ACTIVITY: Please retype exactly the lines from the one containing "Universal Storage Overview" through the end of the records, leaving out the pictures.

DATA SECTION:
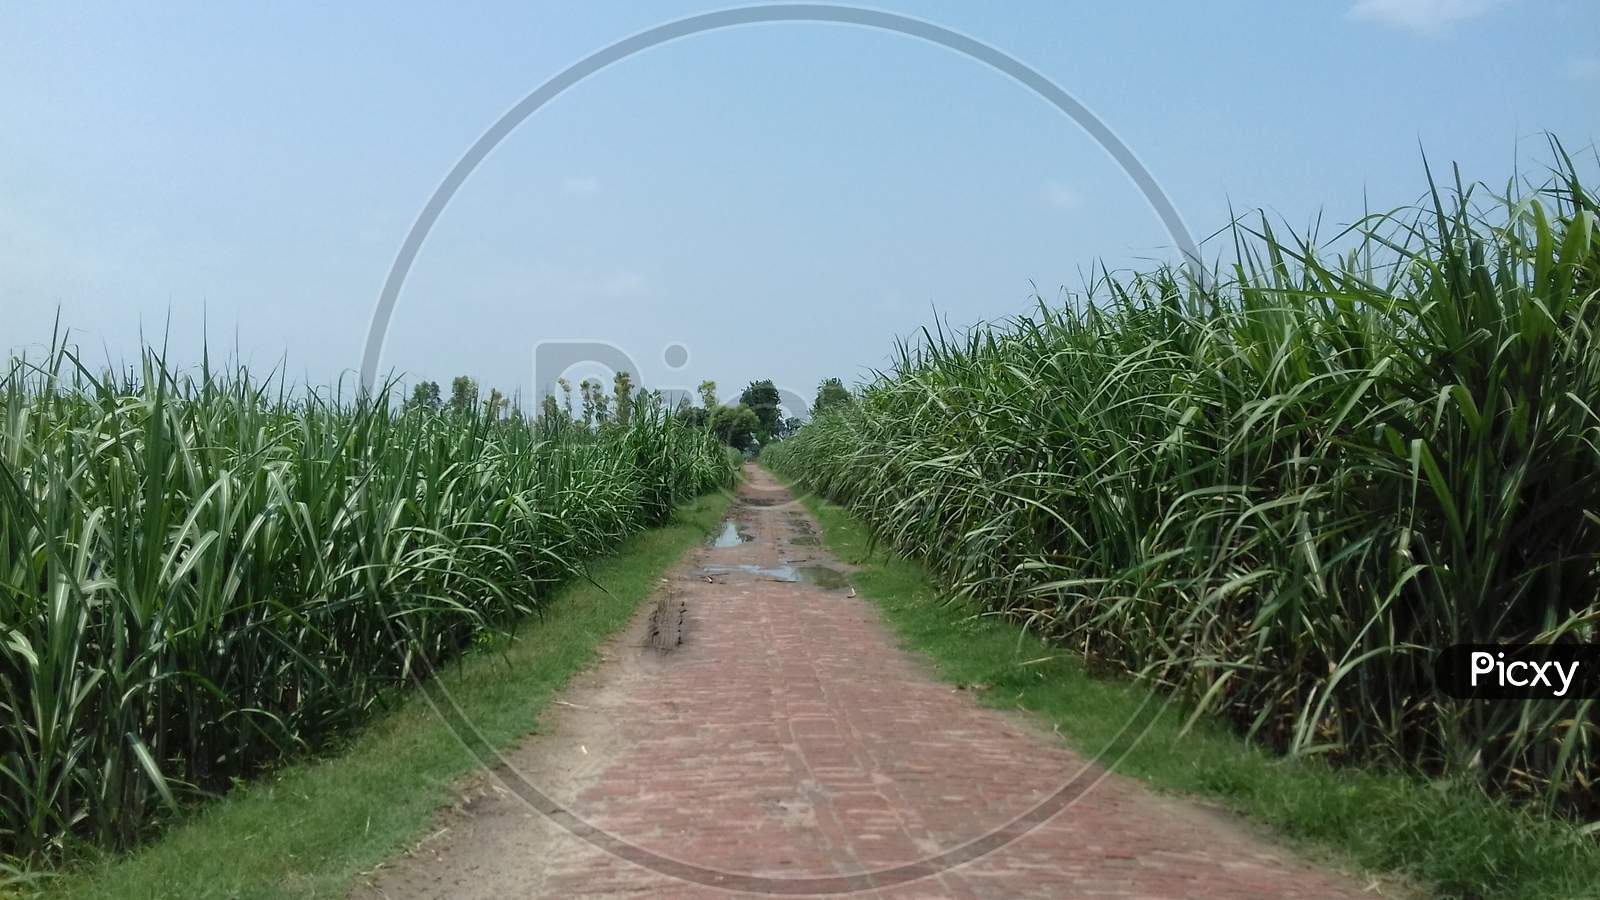 Sugarcane farms both side on the way.
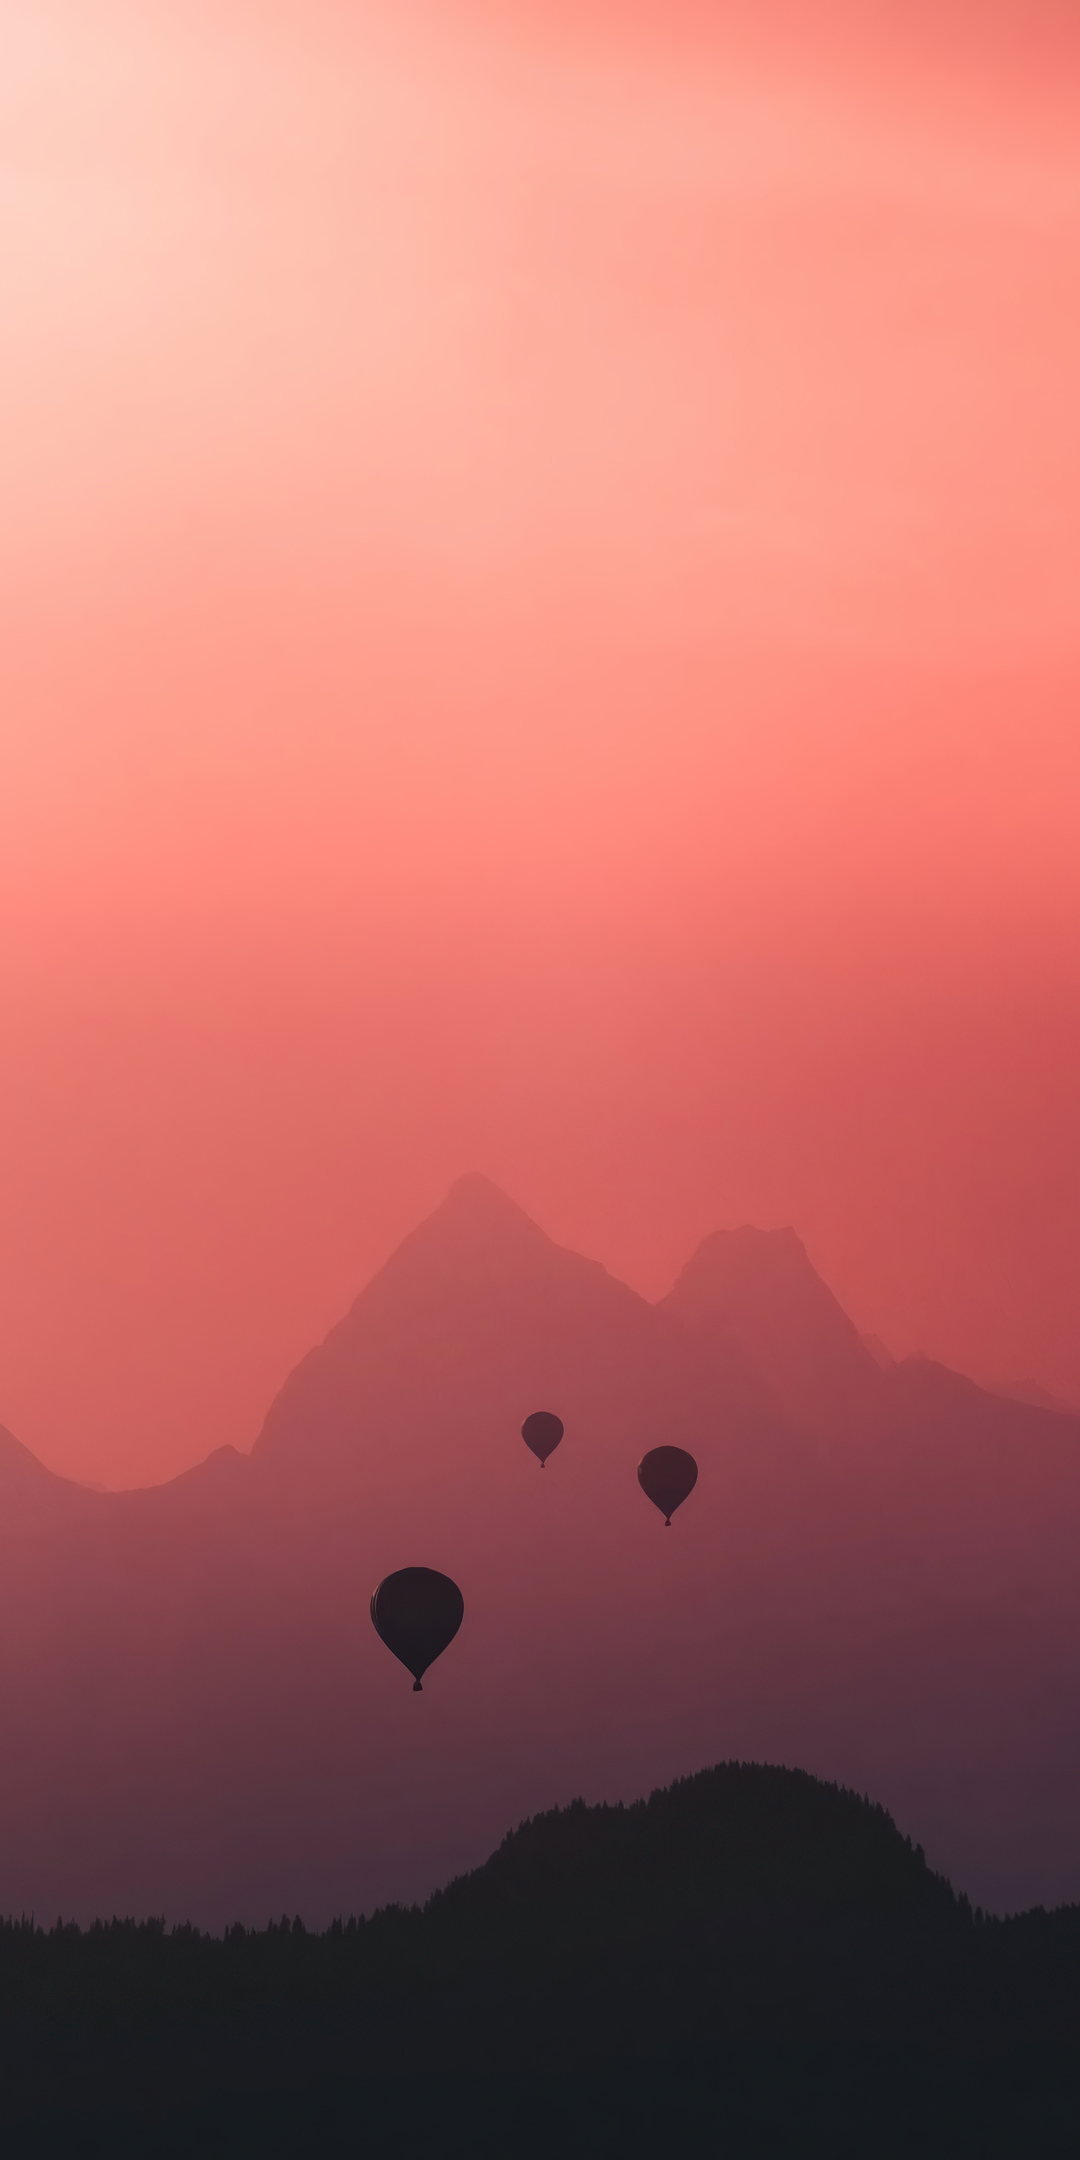 air-ballon-evening-m0.jpg
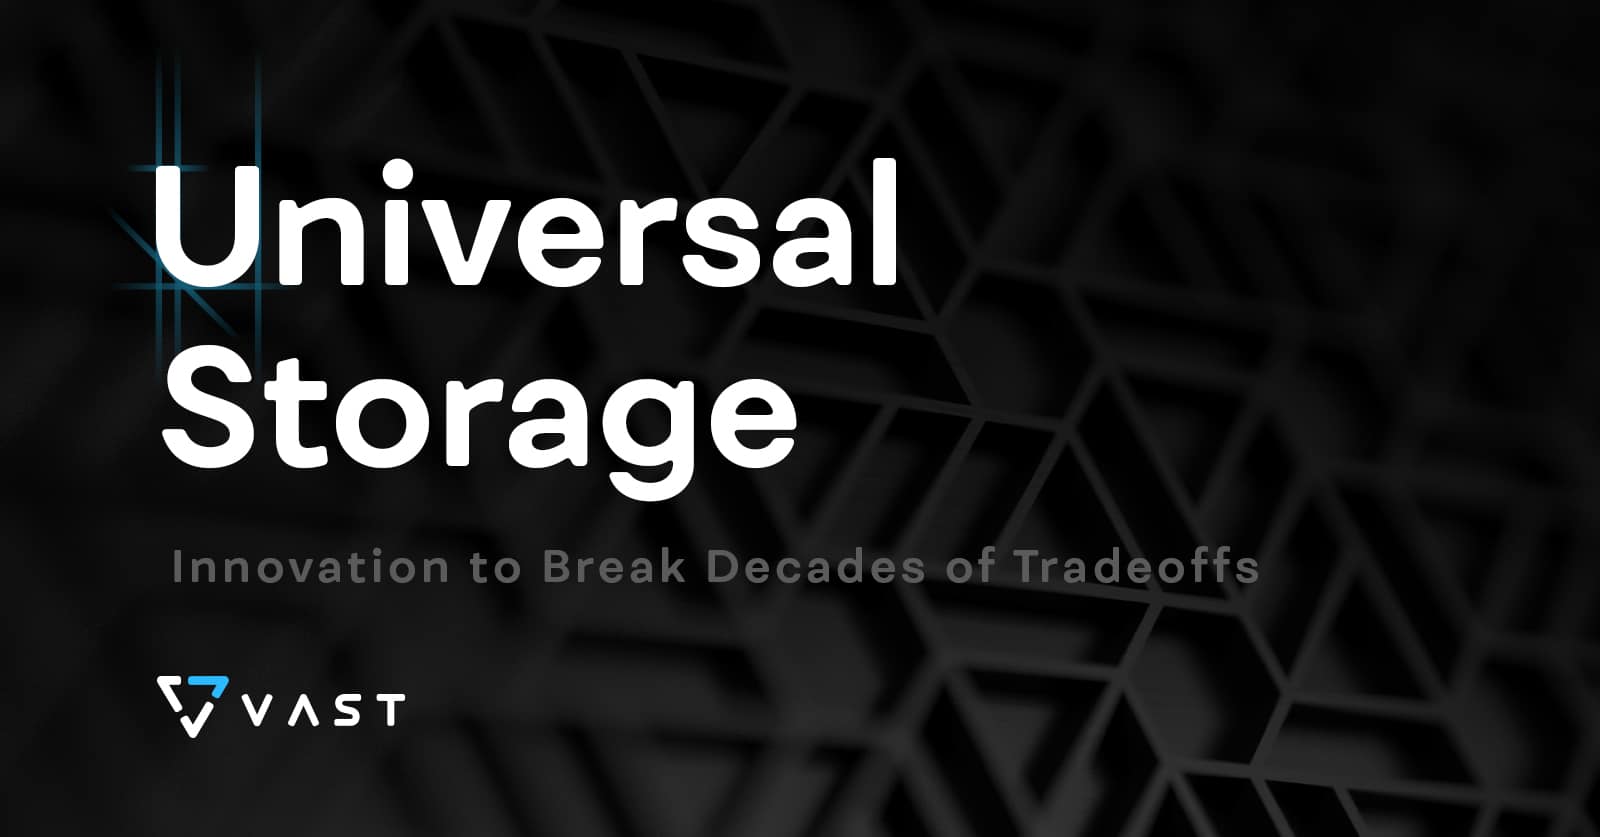 Universal Storage Overview
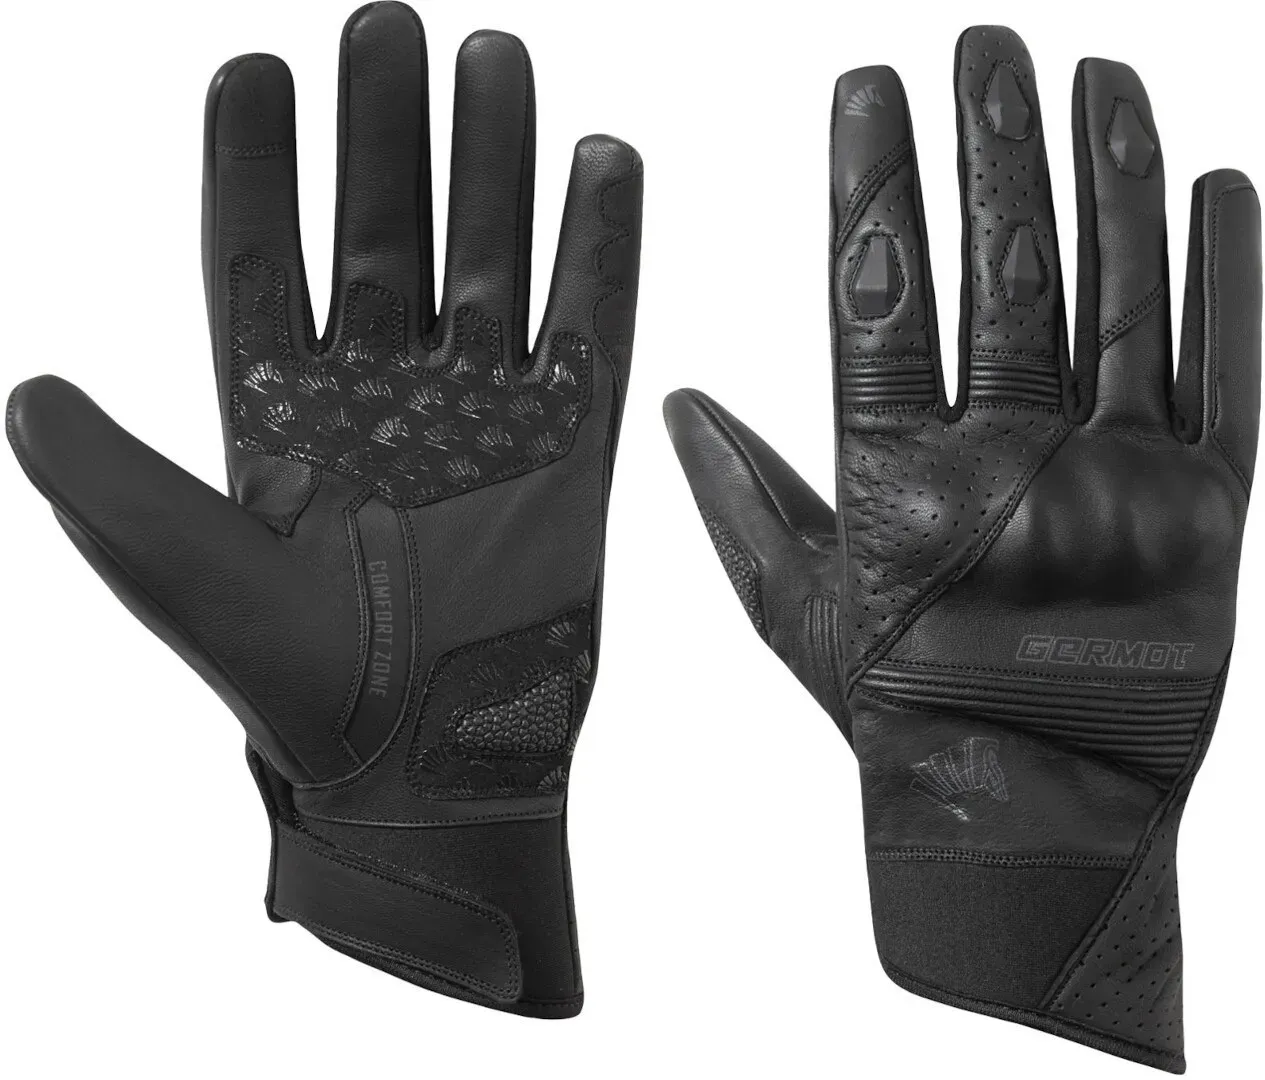 Germot Thompson Motorfiets handschoenen, zwart, L
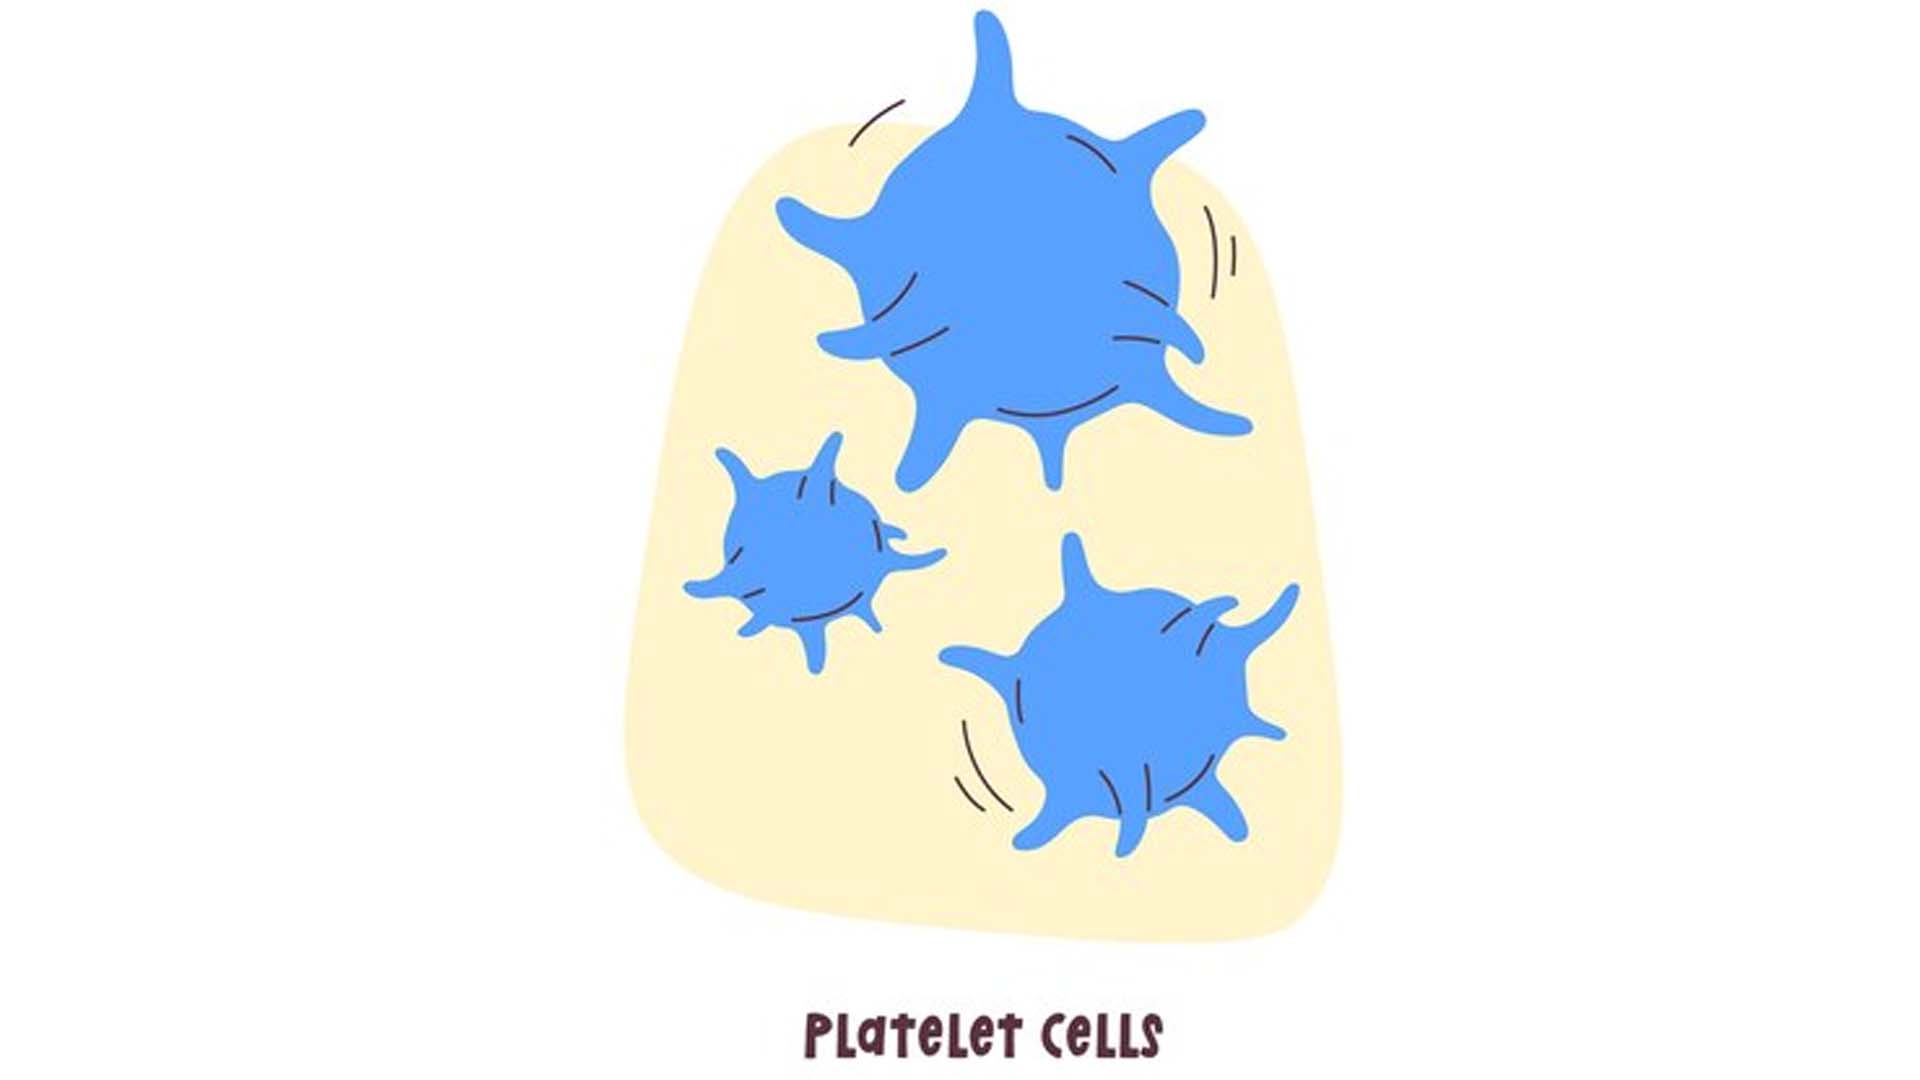 Platelet cells

RESPONSE AREA:
 Universal Storage Overview
 Germot Thompson Motorfiets handschoenen, zwart, L
 Platelet cells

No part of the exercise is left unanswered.